Reader suggestion: Put membership numbers on cell phone

Reader Danielle sent us the following suggestion:

I’ve started doing something that has greatly decreased my wallet (and life) clutter and made it easier to keep track of my many memberships, discount cards, etc. Basically, I have every membership number saved in my phone, organized to be alphabetized together such as ‘aMemb-Barnes&Noble, aMemb-Southwest, aMemb-Avis, etc’ so they are easy to find. It has uncluttered my wallet/purse and made is substantially easier to find the number when I need it.

This is a really simple idea. Also, if you have BlueTooth on your phone and it talks to your address file on your computer, you’ll have a backup of your membership numbers in case of emergency. Thank you, Danielle, for the tip.

34 Comments for “Reader suggestion: Put membership numbers on cell phone”

  1. posted by Dee on

    Good Idea!

    I also make a mental note of what stores can look up you info via a phone number or name. For example, I never carry my Barnes & Noble card because all they need is the home phone.

  2. posted by Jen on

    Oh my gosh, what a GREAT idea! They don’t really need the card, do they … just the number? I’m doing this today and throwing away all those annoying cards. My wallet is fat PRIMARILY because of those discount cards. I have actually stopped signing up for them for that reason, however, I feel like I’m missing out on rewards by doing that. Thanks so much for the suggestion.

  3. posted by Charles Martin on

    The only change to the suggestion that I would make is that the name begin with “xMemb…” This would sort it to the bottom so that you still have your primary phone contacts first. I do this with business contacts (my doctor, that radio station I call when they have contests, my favorite restaurant for reservations, etc.).

  4. posted by Robert McNichols on

    This is a great suggestion. I will implement it today. However an enhancement would be to have the bar code entered into the phone so that it could be scanned into the bar code reader to avoid having to read the number to the individual needing the number. I understand that the technology is now available for airlines to give boarding pass information via bar code on the cell phone.

  5. posted by Lindsay on

    I do the same thing, but they’re all listed under a fake name. My dear friend Zelda has many different phone numbers, in case my phone ever gets stolen.

  6. posted by ScottMGS on

    Just so long as you don’t add passwords, too!

  7. posted by Charlene on

    I like this idea. I keep my student ID # and other needed but not memorized numbers in my phone, too. I can see how it might be a bit inconvenient to pull out your phone and look the number up every time you’re at checkout though. How about a more low-tech way of cutting down on the number of cards you carry? I use the back of a business card to jot down those numbers, so instead of having 10 plastic cards, I have one slim business card with the information on it.

  8. posted by Daryl on

    I went on a solo long-distance bike tour last summer, and did something similar to this. Rather than try to remember the 4 digit combination lock number and my new debit card PIN, I just put them in my phone. That way I didn’t have to worry about waking up in my tent one morning with amnesia, unable to unlock my bike or get any cash!

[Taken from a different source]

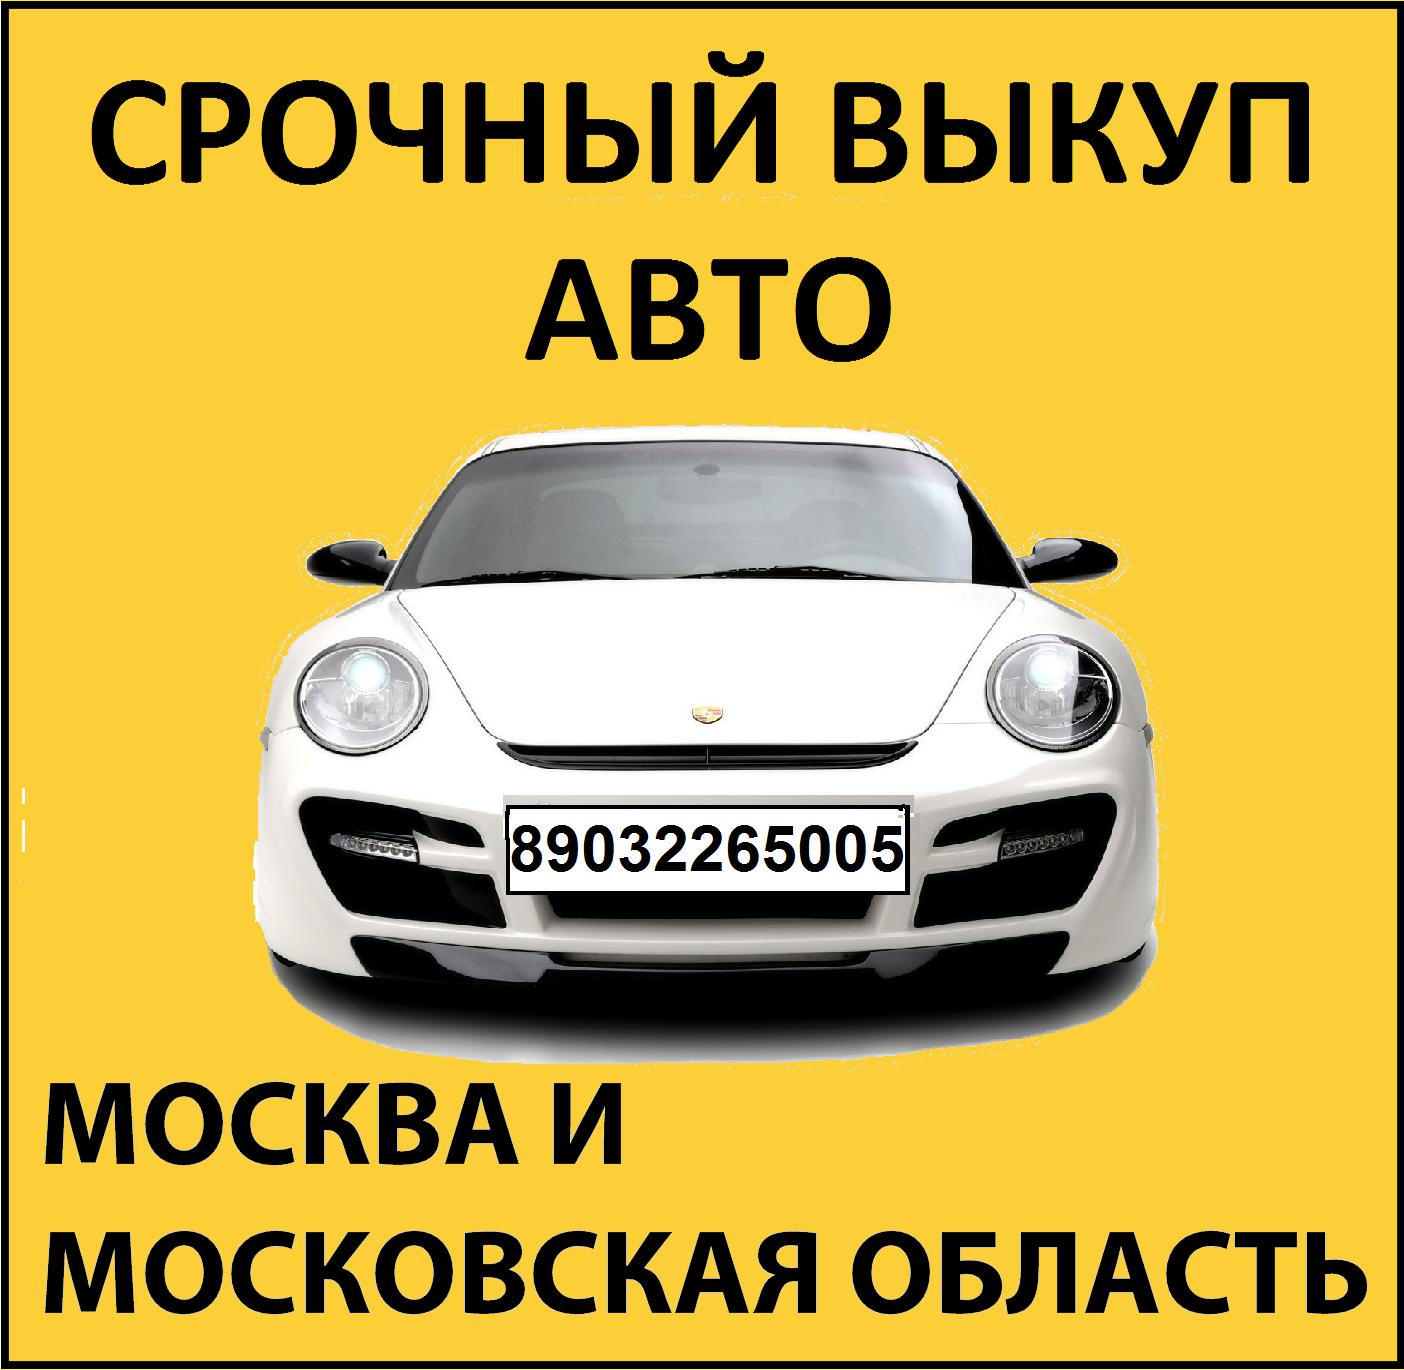 Срочный выкуп целых и битых авто с бесплатным выездом и оценкой. Икша, Москва, Московская область, +7(903)226-50-05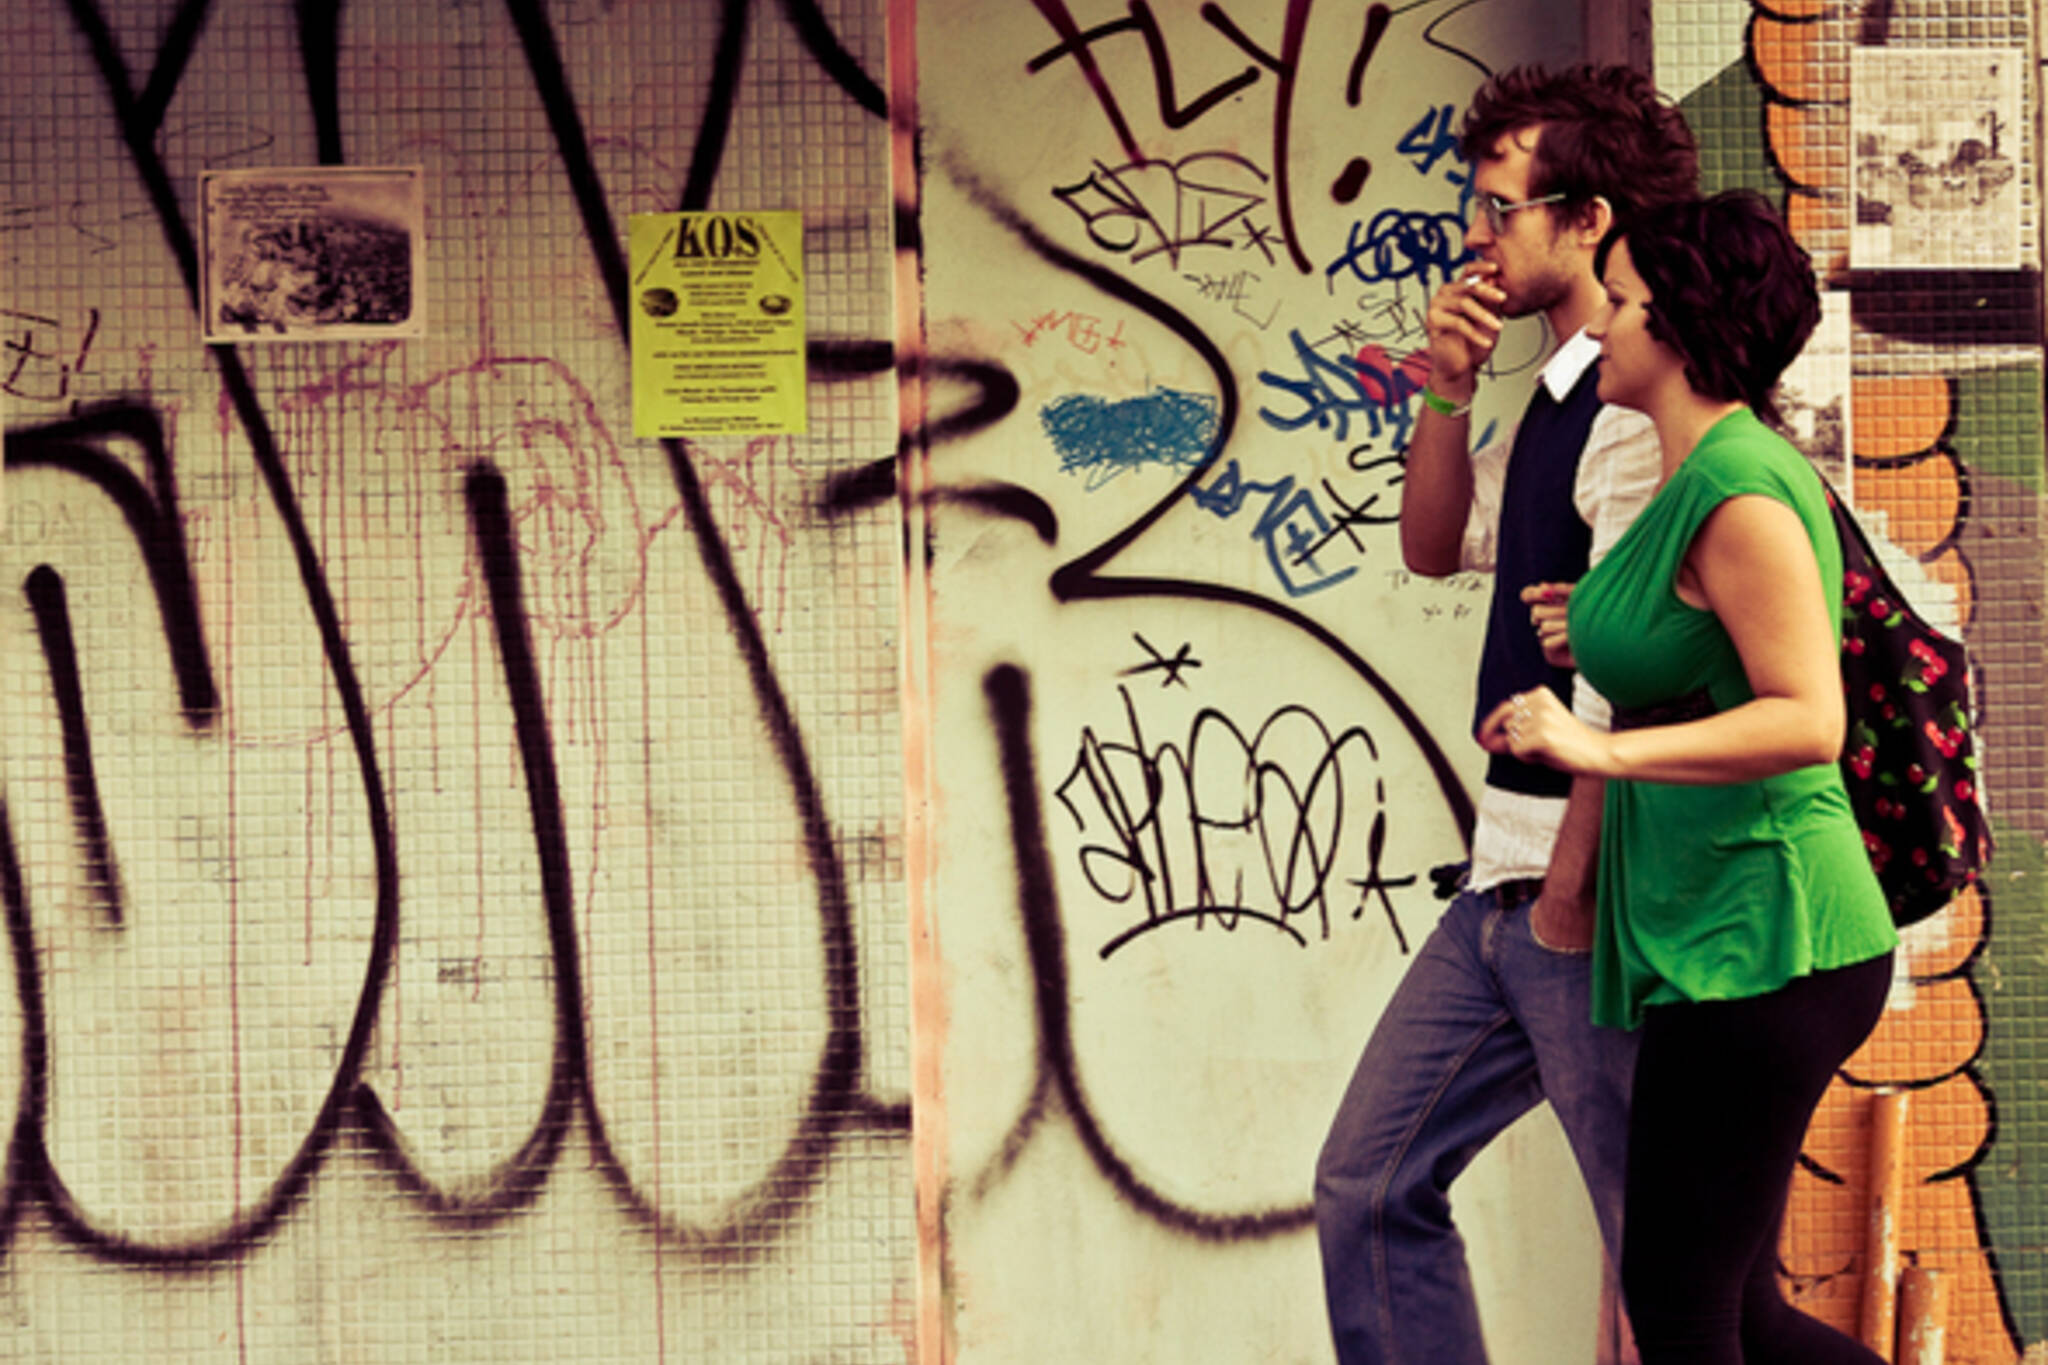 Toronto Smoker

  9. posted by Daniel Hoang on

    I input membership and frequent user club numbers into an extra field on my iPhone. I keep one for Southwest, hotel club numbers, etc. Next step would be to append a photo of the original card in the contact.

  10. posted by Celeste on

    I used the site Just One Club Card to print out one card with all my membership numbers/bar codes on it.

  11. posted by Kim on

    I love this idea. I recently purchased a small Vera Bradley simplified wallet at our local waterslide resort, can you imagine? I’ve copied the pictures, I hope they take.

    Okay, my lame brain can’t figure out how to enter the picture. However, I am loving my new wallet.

  12. posted by Arjun Muralidharan on

    It’s great, but it does clutter my phonebook which is neatly organized by first name and last name.

    That said, if you’re lucky enough to have a smartphone, keep a document on it that stores all this info.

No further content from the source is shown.